Кое-кого из этих писателей и поэтов я знал лично. Для каждого или почти каждого из них всетаки наставал такой момент, после которого не замечать что-либо было просто невозможно, грохотало такое событие, которое нельзя было не услышать, сколько ни затыкай себе уши,—скажем, арест друга или нечто подобное. От этого не могли защитить никакие, даже самые светлые воспоминания детства. И тогда наступал крах. Это печальные истории. В свое время я расскажу некоторые из них.
Таковы были внутренние конфликты немцев летом 1933 года. Они немного походили на выбор между тем или иным видом духовной смерти; и тот, кто прожил большую часть жизни в нормальной обстановке, чувствовал себя попавшим в сумасшедший дом или, скорее, в экспериментальную психопатологическую лабораторию.
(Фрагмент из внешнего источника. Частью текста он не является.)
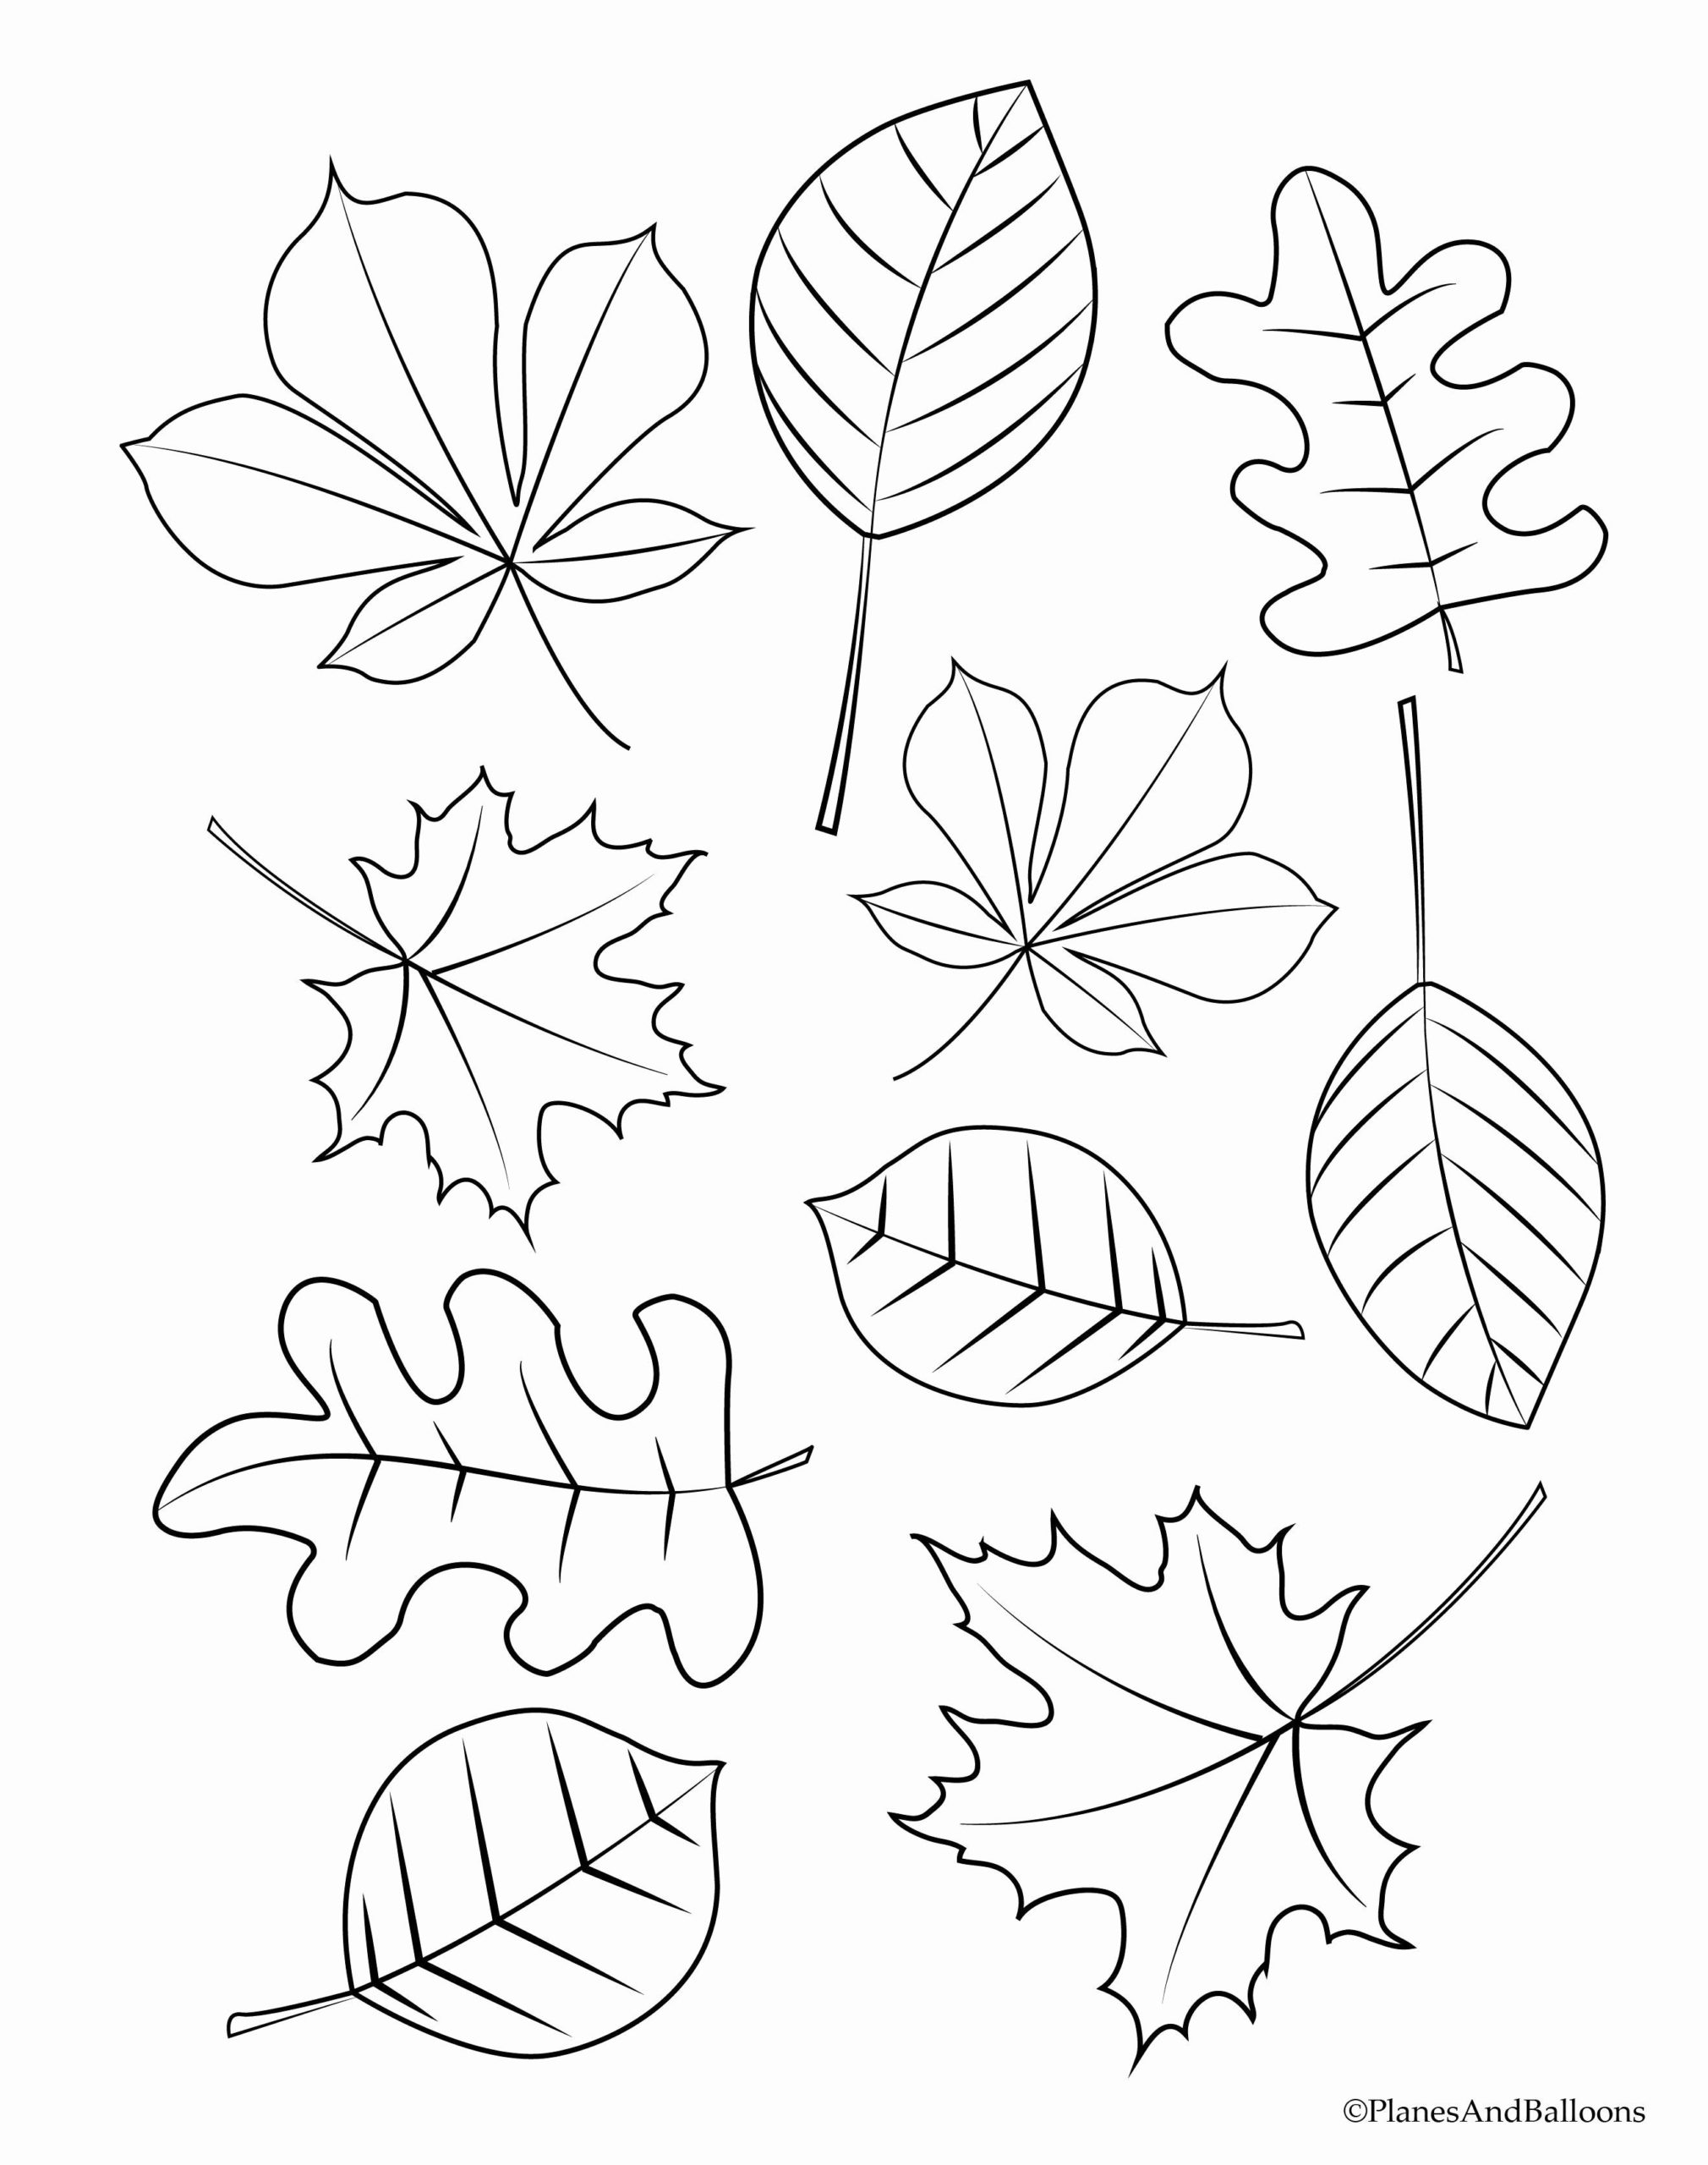 Coloring Pages : Pin On Tree Coloring Leaf Clover Maple Sheet Four ...

Ничего не поделаешь: так было, и я ничего не могу здесь изменить. Между тем это были относительно вегетарианские времена. Вскоре все пошло по-другому.
30
Итак, мне не удалось изолироваться в маленьком, защищенном со всех сторон частном секторе личной жизни; я понял это скоро — по той простой причине, что такого сектора просто не существовало. В мою частную жизнь ворвались сильные ветры и разом ее разметали. От тех, кого я мог бы назвать кругом моих друзей, к осени 1933 года не осталось ни души.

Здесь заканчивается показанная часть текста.